I have this kind of Dataframe, I split it by unique value in "a" and "b". DF:
a b c d
0 red green 1 2
1 brown red 4 5
2 black grey 0 0
3 red blue 6 1
4 green blue 0 3
5 black brown 2 8
6 red grey 4 6
Code:
colors = pd.unique(df[['a', 'b']].values.ravel('K'))
Then I do calculation in a new column "e" for each DF:
df_list = []
for color in colors:
current_df = df[(df.a == color) | (df.b == color)].copy()
current_df["e"] = current_df.apply(
lambda x: (
current_df[(current_df.a == color)].loc[x.name + 1 :, "c"].sum()
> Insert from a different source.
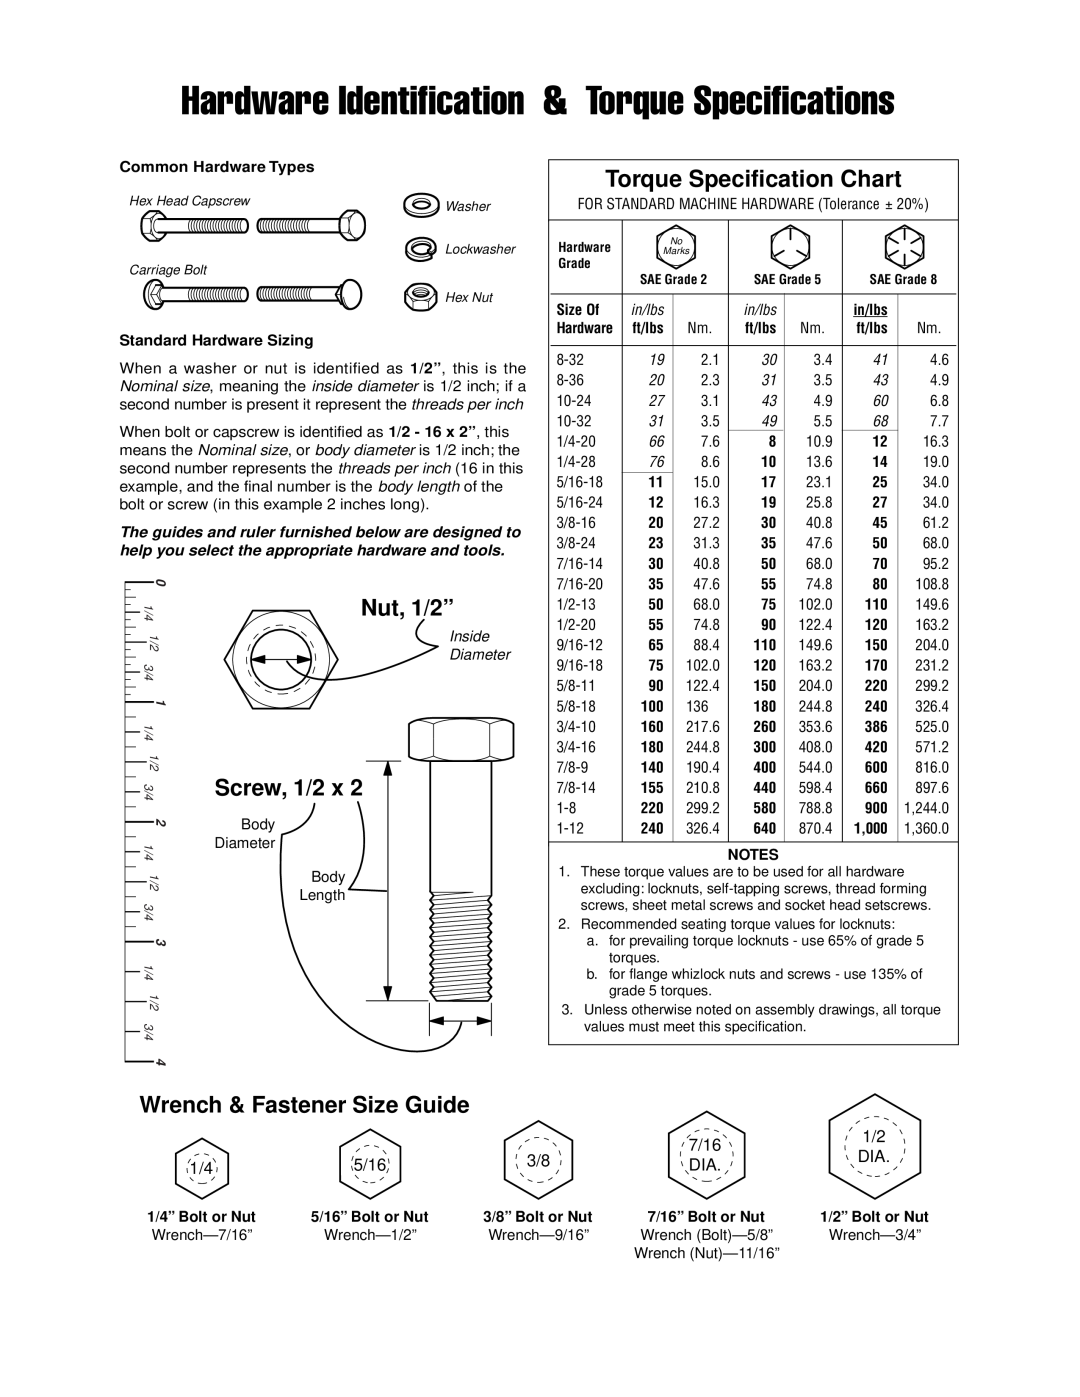 Simplicity 2003 Rapid 7/16, 5/16, Hardware Identification & Torque Specifications, Torque Specification Chart, Nut, 1/2”

+ current_df[(current_df.b == color)].loc[x.name + 1 :, "d"].sum()
)
/ (
current_df[(current_df.a == color)].loc[x.name + 1 :, "c"].size
+ current_df[(current_df.b == color)].loc[x.name + 1 :, "d"].size
),
axis=1,
)
df_list.append(current_df)
df_list
df_list
[ a b c d e
0 red green 1 2 5.0
1 brown red 4 5 5.0
3 red blue 6 1 4.0
6 red grey 4 6 NaN,
a b c d e
1 brown red 4 5 8.0
5 black brown 2 8 NaN,
a b c d e
2 black grey 0 0 2.0
5 black brown 2 8 NaN,
a b c d e
0 red green 1 2 0.0
4 green blue 0 3 NaN,
a b c d e
2 black grey 0 0 6.0
6 red grey 4 6 NaN,
a b c d e
3 red blue 6 1 3.0
4 green blue 0 3 NaN]
This code works well but when I am going to combine with dfconcat = pd.concat(df_list) all list of dataframes the result is not what I expect
dfconcat:
a b c d e
0 red green 1 2 5.0
1 brown red 4 5 5.0
3 red blue 6 1 4.0
6 red grey 4 6 NaN
1 brown red 4 5 8.0
5 black brown 2 8 NaN
2 black grey 0 0 2.0
5 black brown 2 8 NaN
0 red green 1 2 0.0
4 green blue 0 3 NaN
2 black grey 0 0 6.0
6 red grey 4 6 NaN
3 red blue 6 1 3.0
4 green blue 0 3 NaN
Expected Result:
a b c d e1 e2
0 red green 1 2 5.0 0.0
1 brown red 4 5 8.0 5.0
2 black grey 0 0 2.0 6.0
3 red blue 6 1 4.0 3.0
4 green blue 0 3 NaN NaN
5 black brown 2 8 NaN NaN
6 red grey 4 6 NaN NaN
It seems that duplicate the rows when pass pd.concat, How can I fix? I have to change the whole code or it possible by change pd.concat into merge for example?